_Problem requirements_
Without including any pictures, give back all of the data exactly.

_Exercise data_

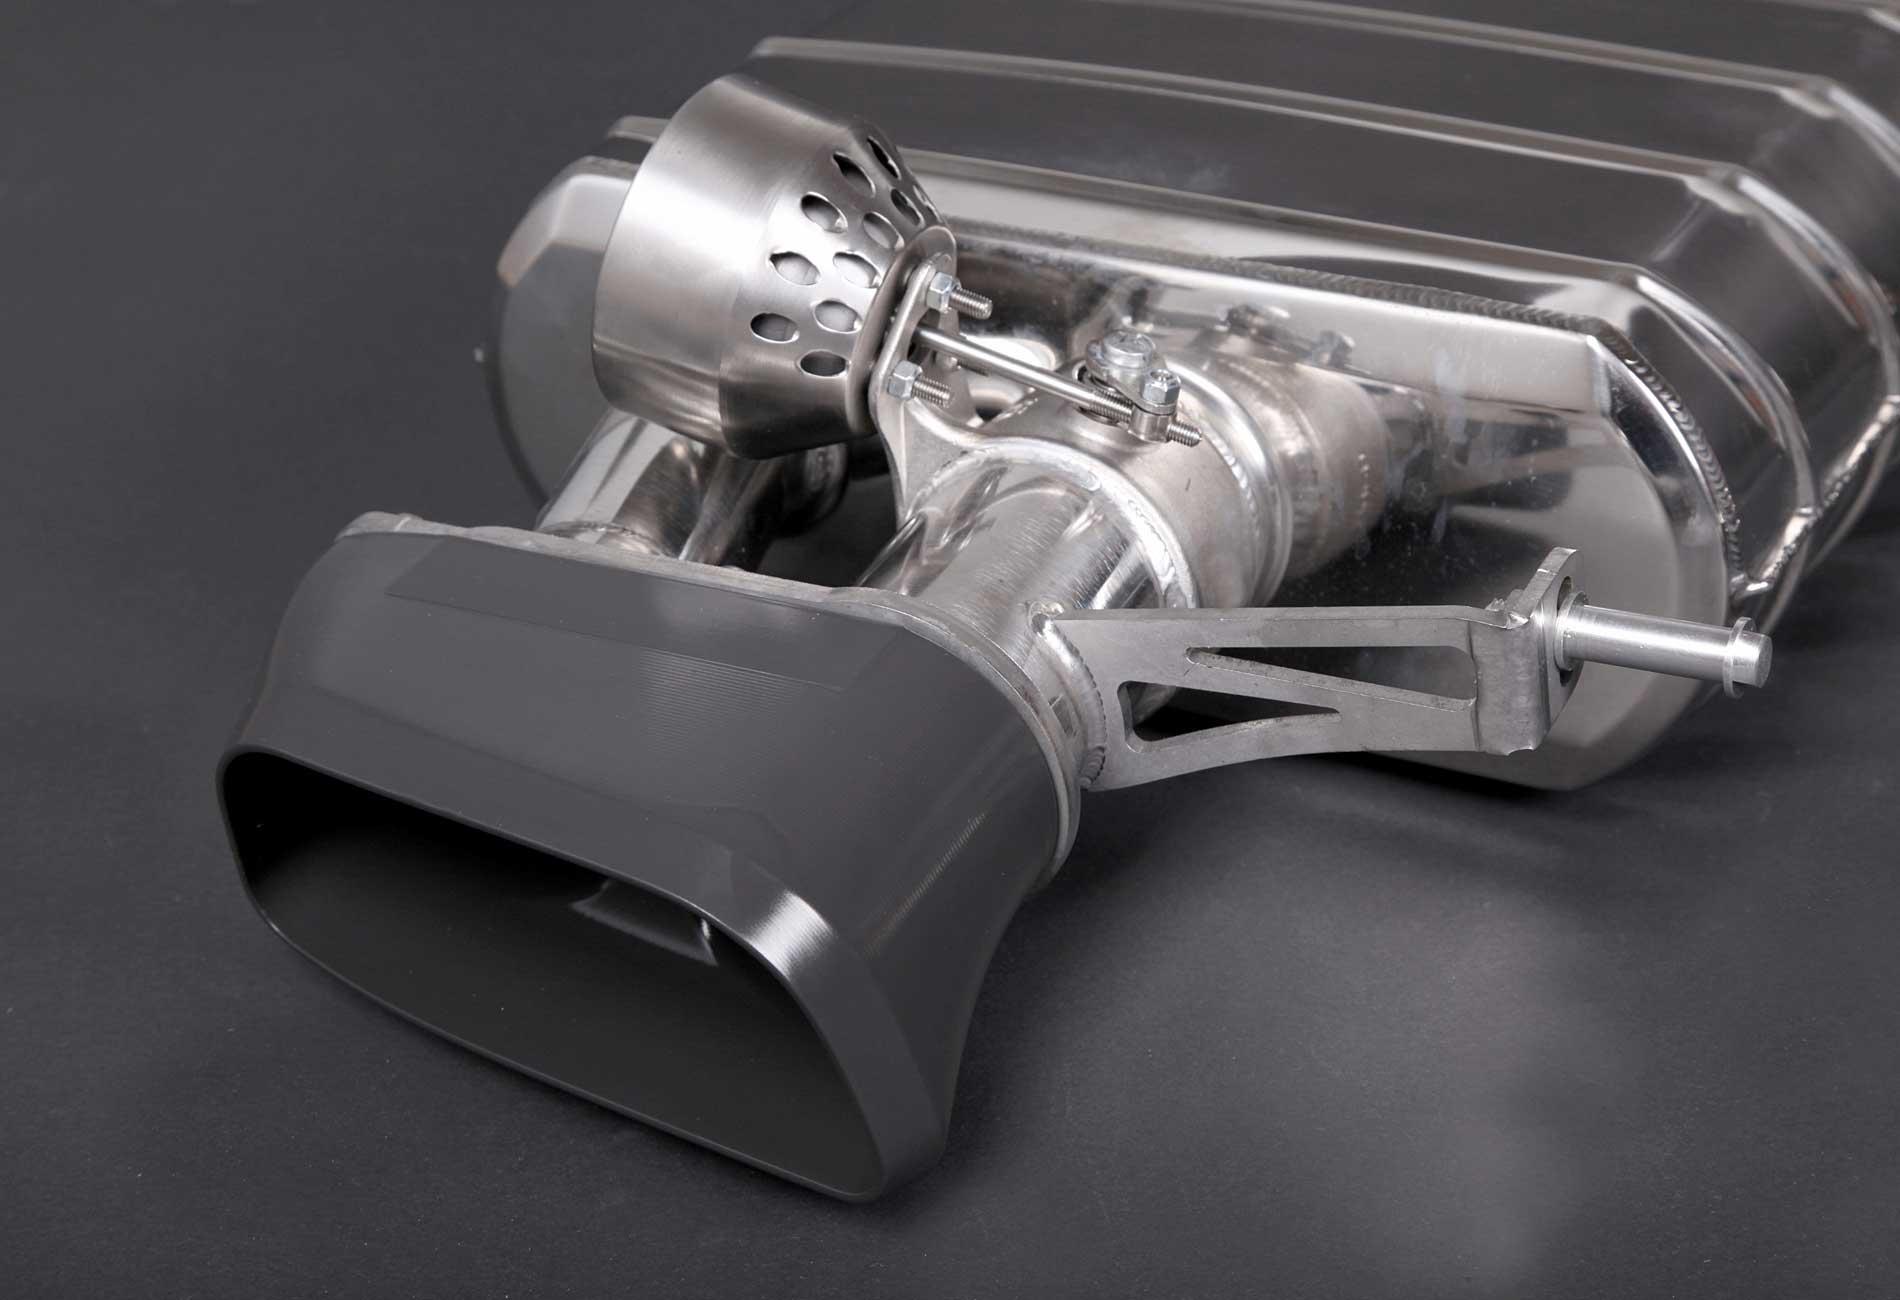 BMW 650i Auspuffanlage mit Klappensteuerung
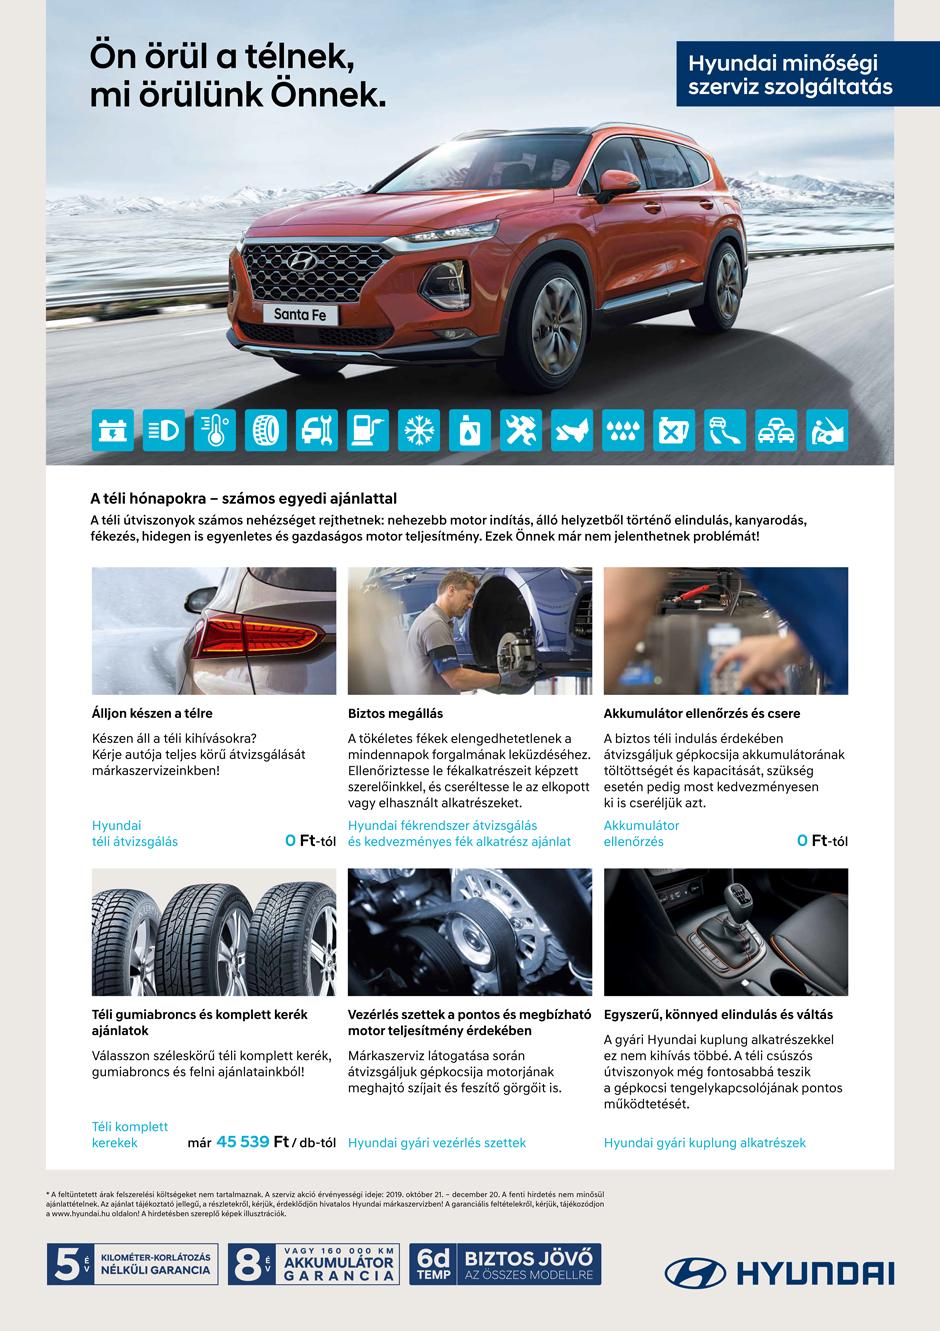 Hyundai_AS_2019_teli_kampany_A1_plakat_20191009_-HUN
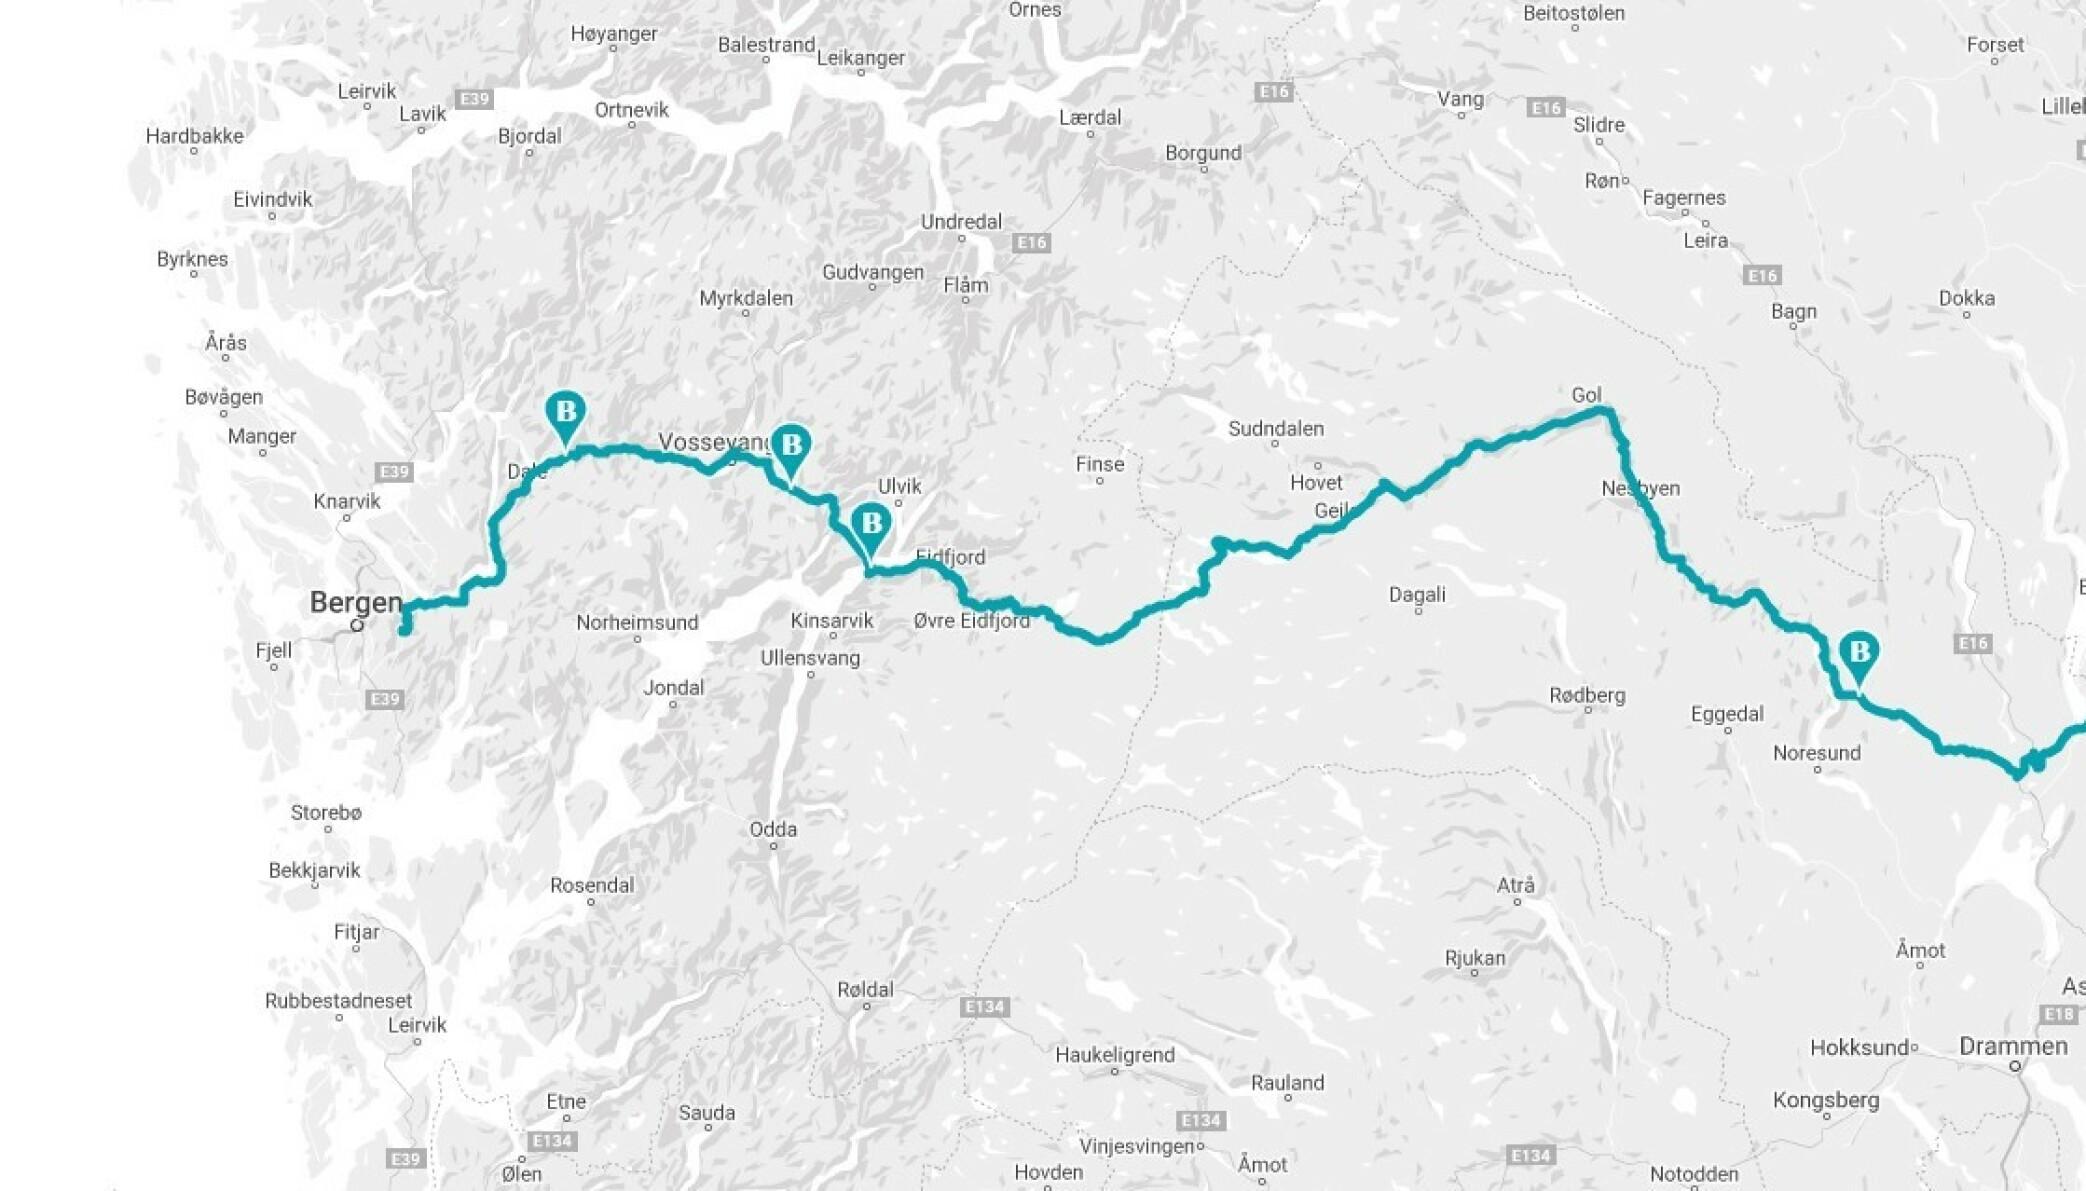 RUTA: Her ser du hele kjøreruta mellom Jessheim og Espeland i Bergen, over Hardangervidda. Turen er på 46 mil og har fire bomstasjoner - tre av dem gjelder også for elbil. Se regnestykke nederst i saken. Skjermdump: Bompengekalkulatoren.no
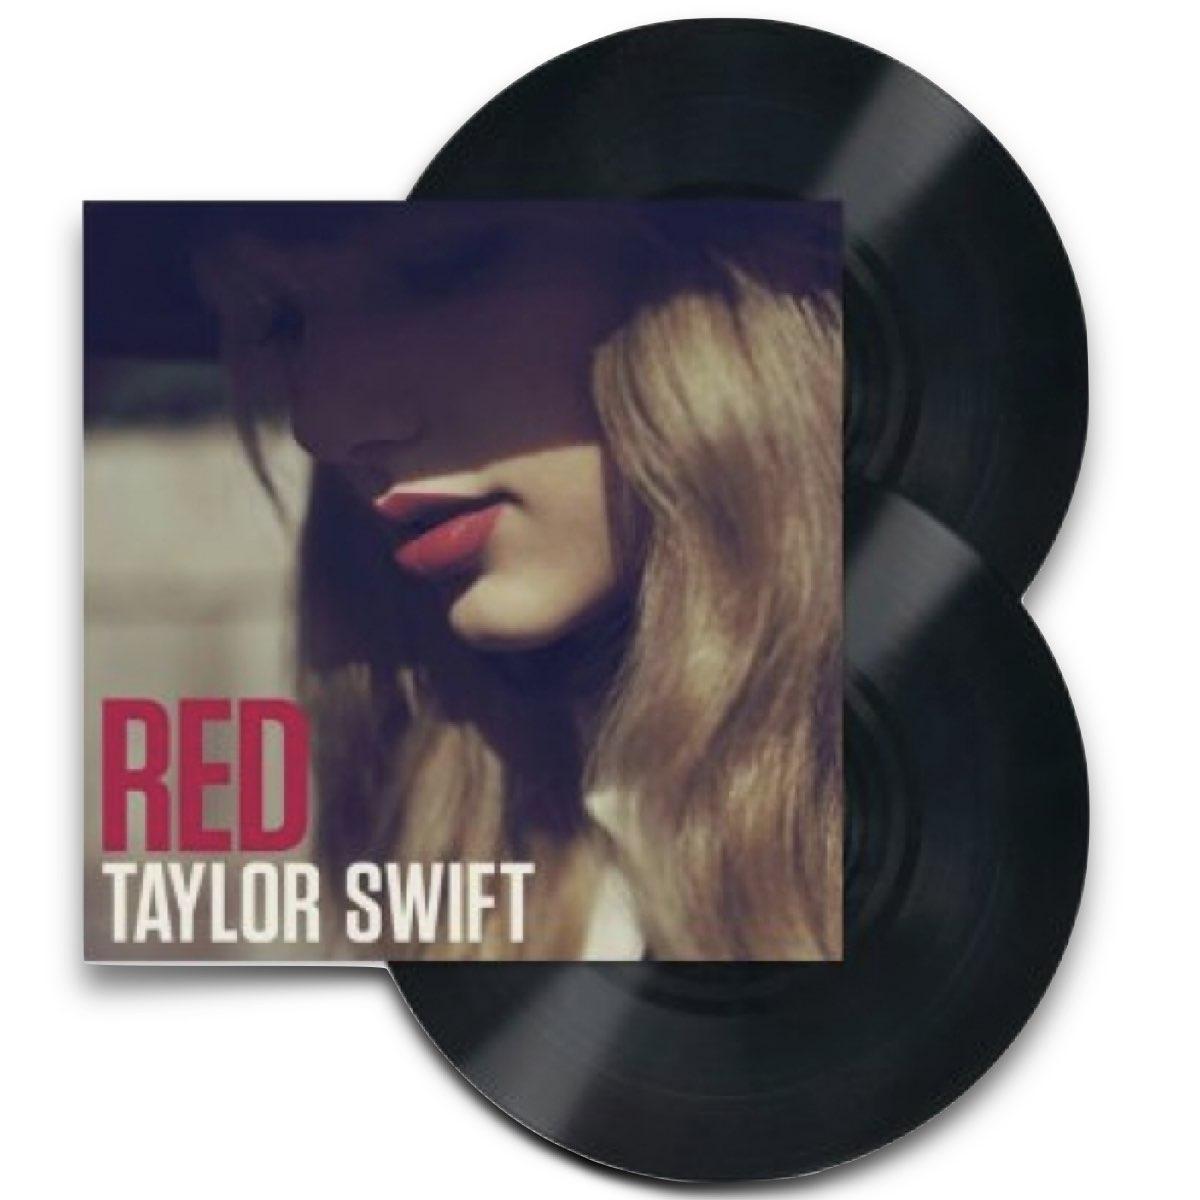 Taylor Swift - RED [Black Double Vinyl] - LEIA A DESCRIÇÃO

_Your solution_
 BMW 650i Auspuffanlage mit Klappensteuerung
 Hyundai_AS_2019_teli_kampany_A1_plakat_20191009_-HUN
 RUTA: Her ser du hele kjøreruta mellom Jessheim og Espeland i Bergen, over Hardangervidda. Turen er på 46 mil og har fire bomstasjoner - tre av dem gjelder også for elbil. Se regnestykke nederst i saken. Skjermdump: Bompengekalkulatoren.no
 Taylor Swift - RED [Black Double Vinyl] - LEIA A DESCRIÇÃO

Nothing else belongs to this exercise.